Panskura is a town and municipality in Purba Medinipur district in the Indian state of West Bengal. It is situated on the river bank of Kangsabati Kangsabati River (variously known as Kasai and Cossye).

==Etymology==

- According to many references, the name Panskura have been originated from the word "Panchkoora". The king of Kasijora once gave some land to the poet Nityanand Chakrabarty at the time of his 'Diksha'. This evidence is found in the book of Manikram Gangopadhyay's 'Shitala Mangal' – 'Panchakurya jami dilo karya bramhottar'. The meaning of 'Pancha' is five and 'kurya' means the amount of land situated in a river valley. It is actually a Persi term. The name 'Panskura' has come from this 'Panchakurya' through evolution.
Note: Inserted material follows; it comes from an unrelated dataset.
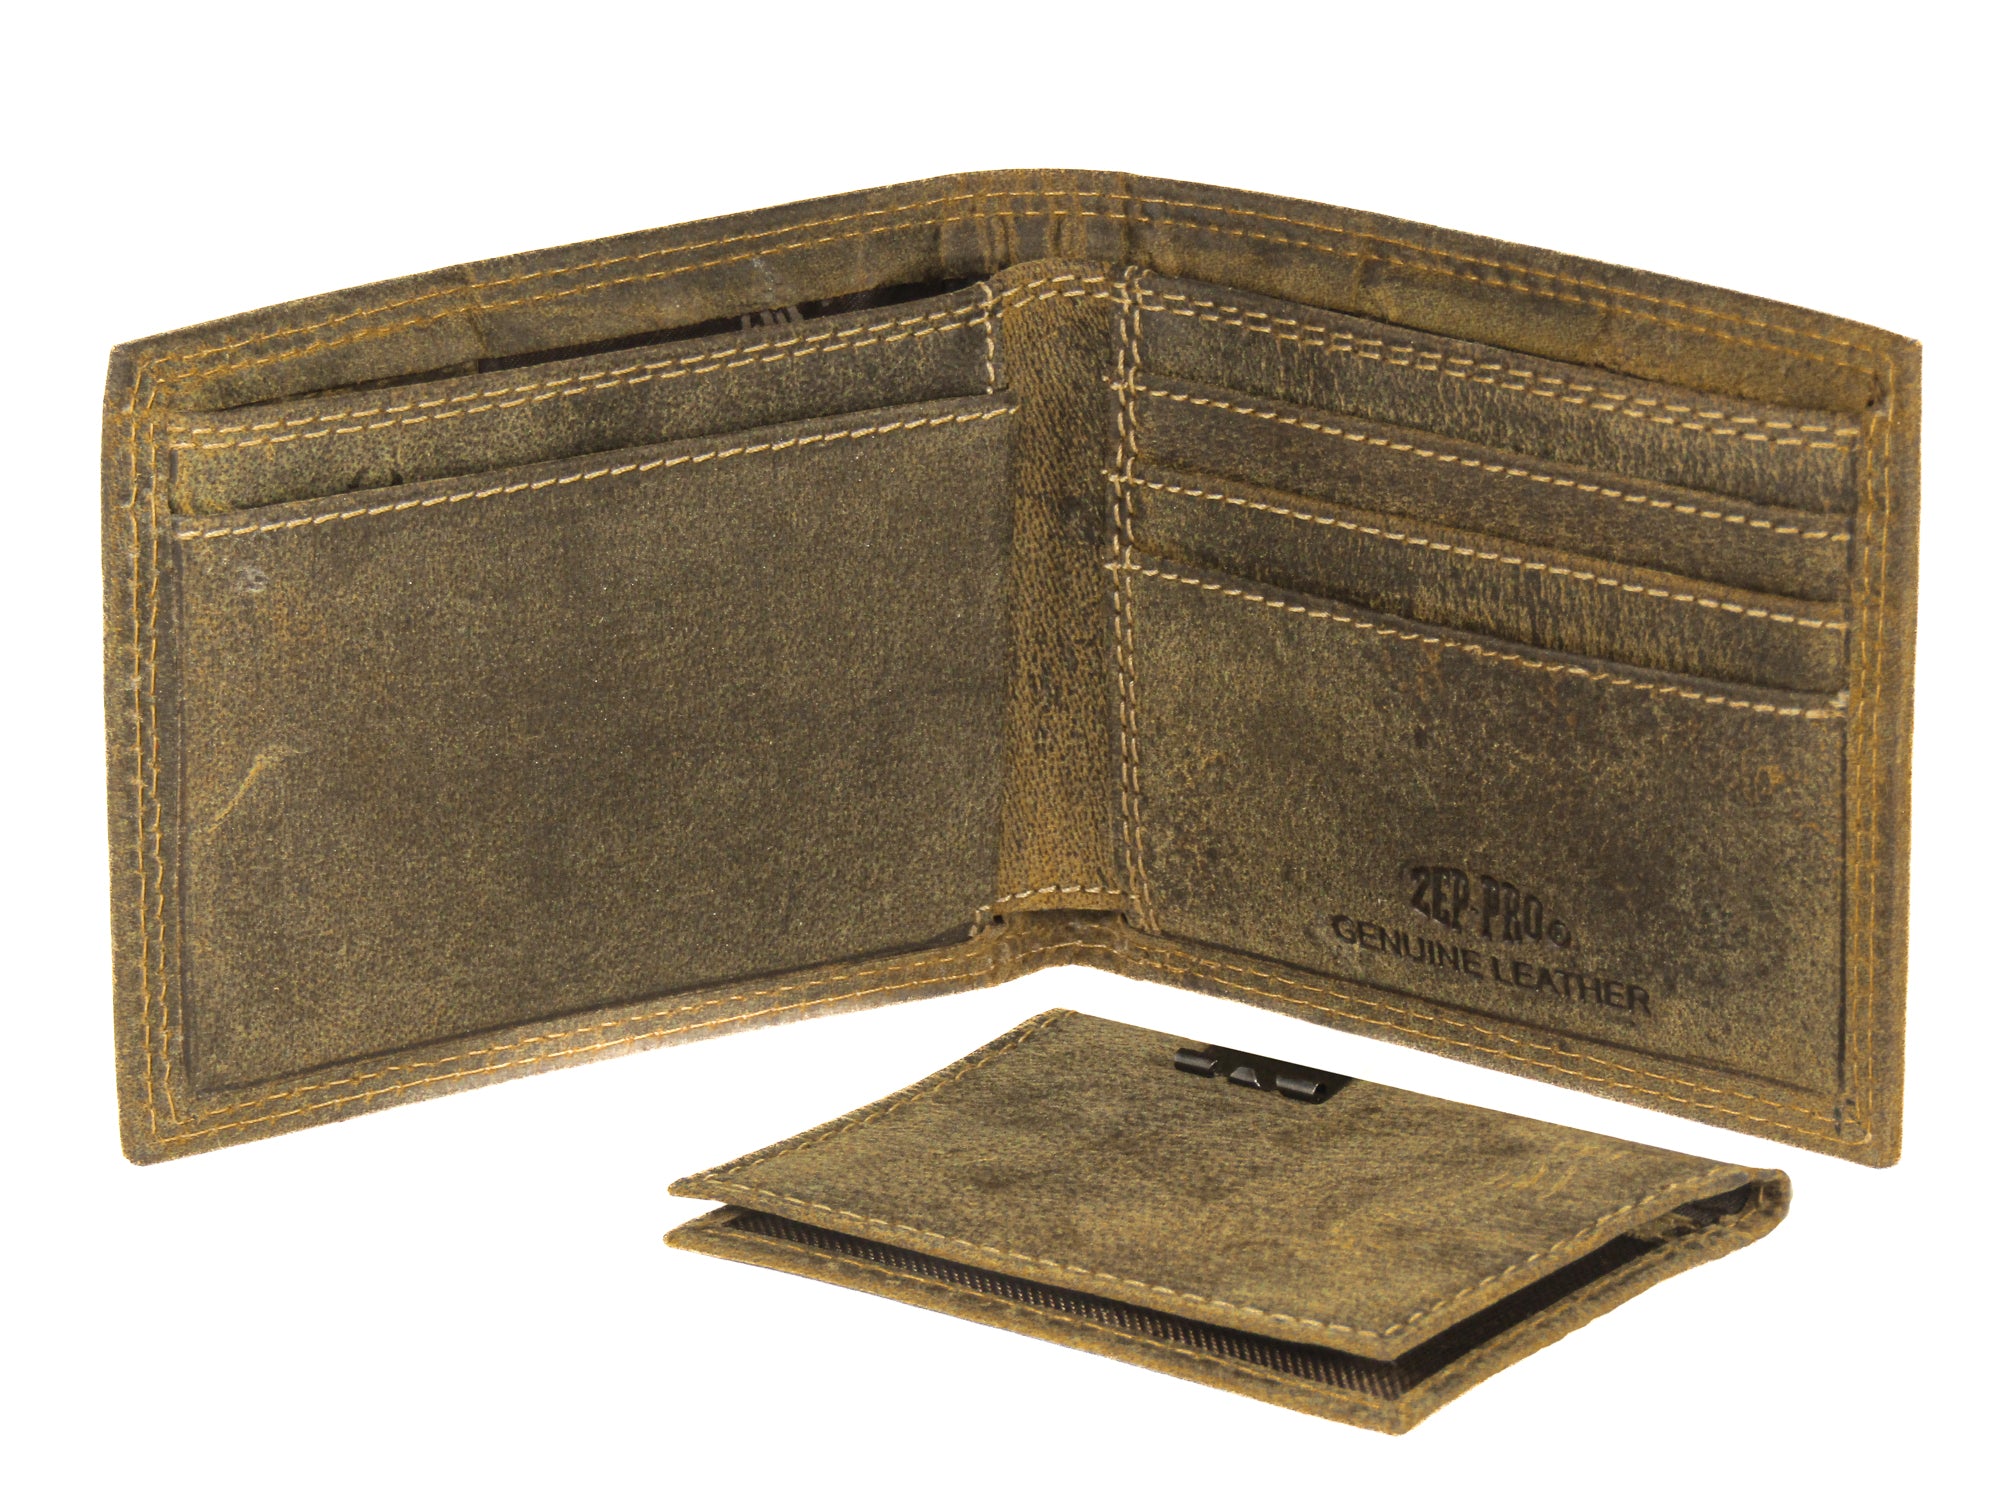 Alabama Crimson Tide Vintage Tan Leather Bifold Wallet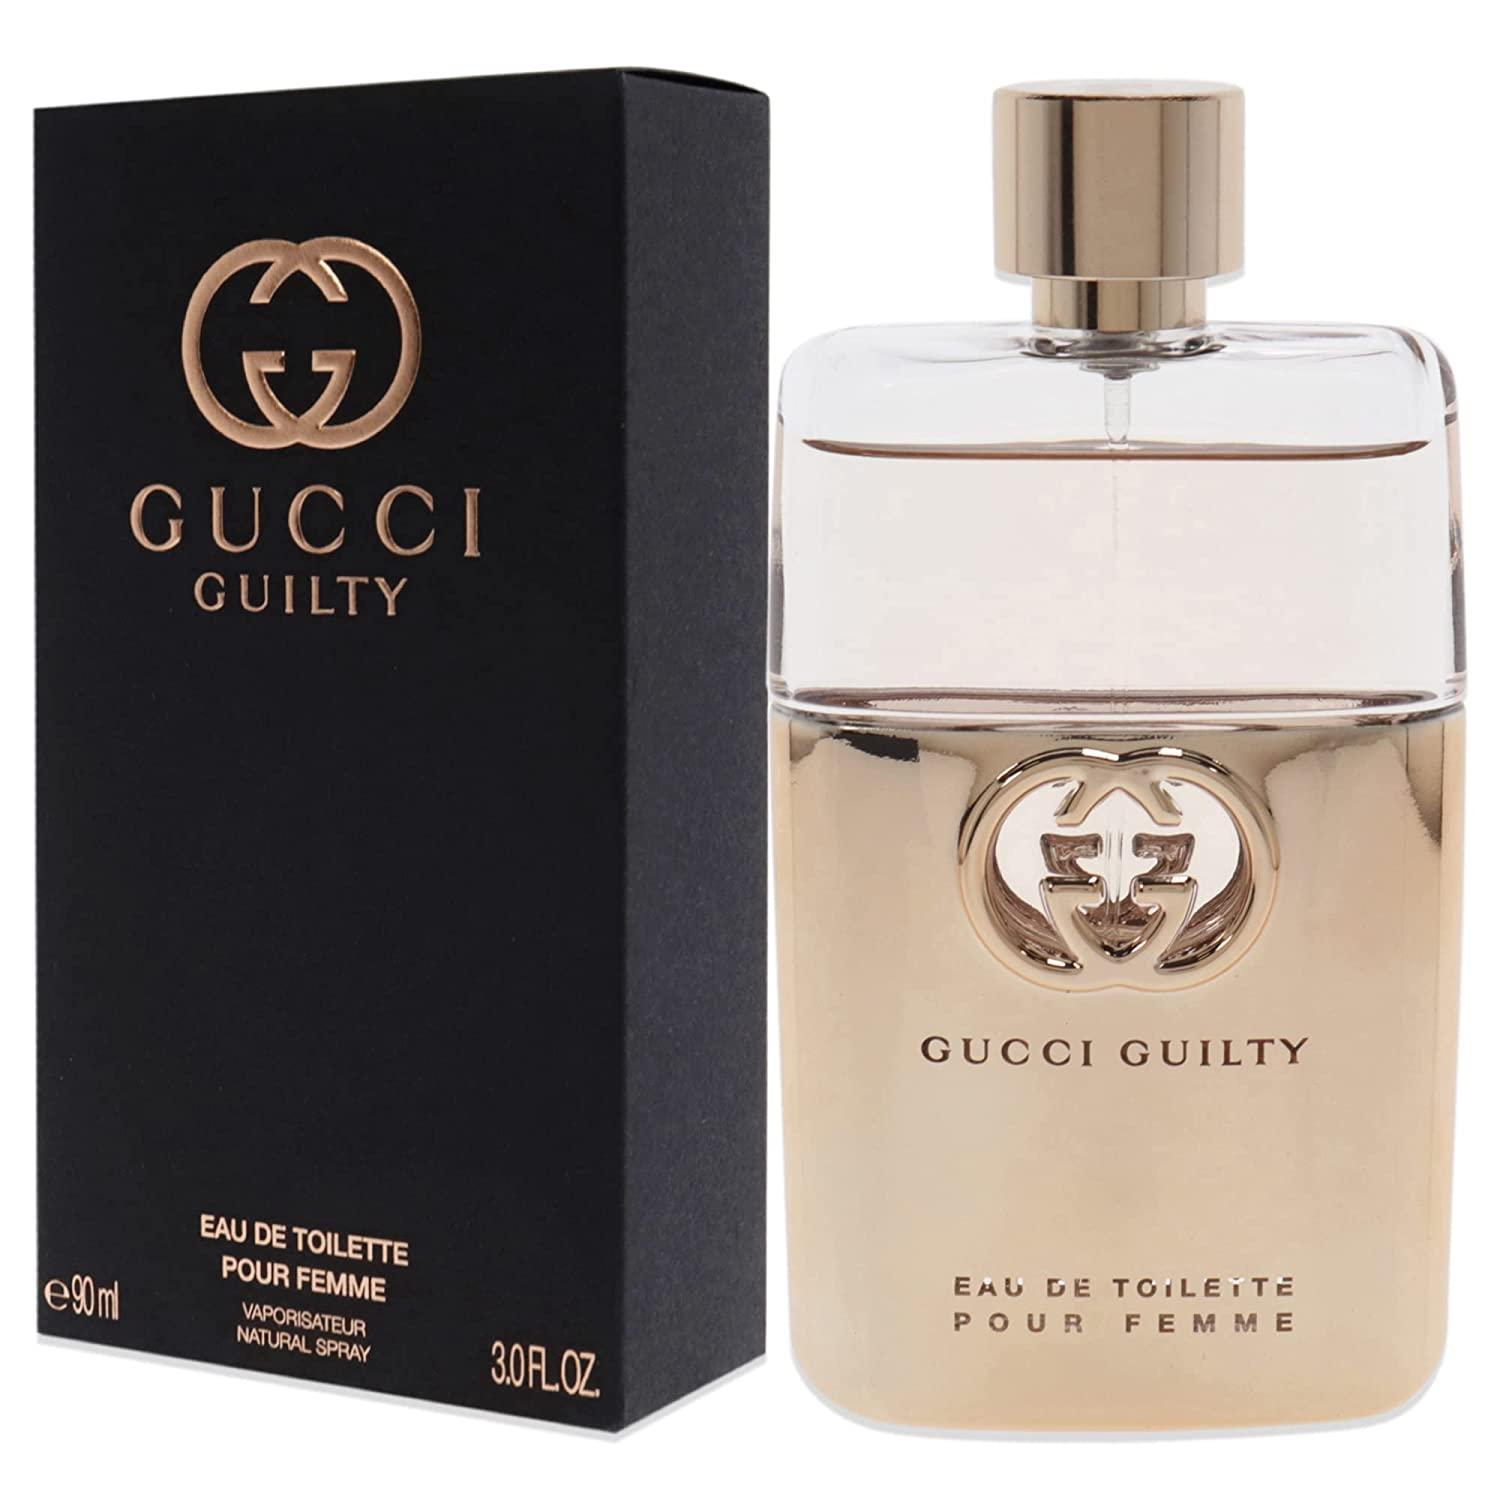 Gucci Guilty Love Edition by Gucci Eau De Parfum Spray 3 oz (Women), 1 -  Baker's

Like the term Kenjakura in Bankura which is also a place situated near a river Dwarkeswar.
- The East India Irrigation and Canal Company, in 1852, dug Midnapur Canal for the cultivation, communication and trade from Uluberia to Mohanpur,. According to Regional History researcher Shyamal Bera, "The steamers transported through the Midnapore canal and came to Kangsabati (now South Gopalpur Mouza) and used to throw 'Pans' [ashes] and collects 'Kura' [fuel]. Since then, the name of the area seems to have been formed into Panskua [Pans+Kura]."
- There is a mention of 'Punchcoora School' in English at Panskura Bradley Birt High School's guards' badge which was established in 1864 at Sadarghat, Panskura. In addition, during the British period, the collector Bailey Sahib of Midnapore told about Kansabati coastal area in his written 'Memoranda of Midnapur' in 1852. This area is referred to as 'Panchkura Ghat'. Later, the name of the entire Kasijora pargana was changed to the name of Panskura. Panskura Ghat does not exist anymore. However, the area adjoining lock-gate which was built 1896 is still known as Sadar Ghat. The present-day Old Panskura was formed adjoining the area of Sadar Ghat.
- According to some people the name of Panskura came from Pashangara. Because of irrigation in the past, Lockh-gate or 'Pashang' was built in this area of Midnapore Canal. The place adjacent to the lock-gate was called 'Pashangara'. The name 'Panskura' came from this 'Pasangara'.

==Geography==

===Location===
Panskura is located at . It has an average elevation of 7 metres (26 feet). It is situated on the NH6 on the way from Kolkata to Kharagpur.

==Climate==
The climate follows a hot tropical monsoon weather pattern. Summers last from mid-April to mid-June with diurnal highs ranging from the upper 30s °C to the mid-40s °C and lows in the low 30s°C in the winter. In summer daily heat is often followed by evening rains known as kalboishakhis or dust-storms (loo). Monsoon rains can last from mid-June to late August with rains from the southeast monsoon contributing the lion's share of the annual rainfall of around 1600 mm. Winters last for 2 to 3 months and are mild; typical lows are from 6 °C – 14 °C. Panskura has considerably lesser particulate pollution due its comparatively lesser and satisfactory air quality index.

==Urbanisation==
94.08% of the population of Tamluk subdivision live in the rural areas. Only 5.92% of the population live in the urban areas, and that is the second-lowest proportion of urban population amongst the four subdivisions in Purba Medinipur district, just above Egra subdivision.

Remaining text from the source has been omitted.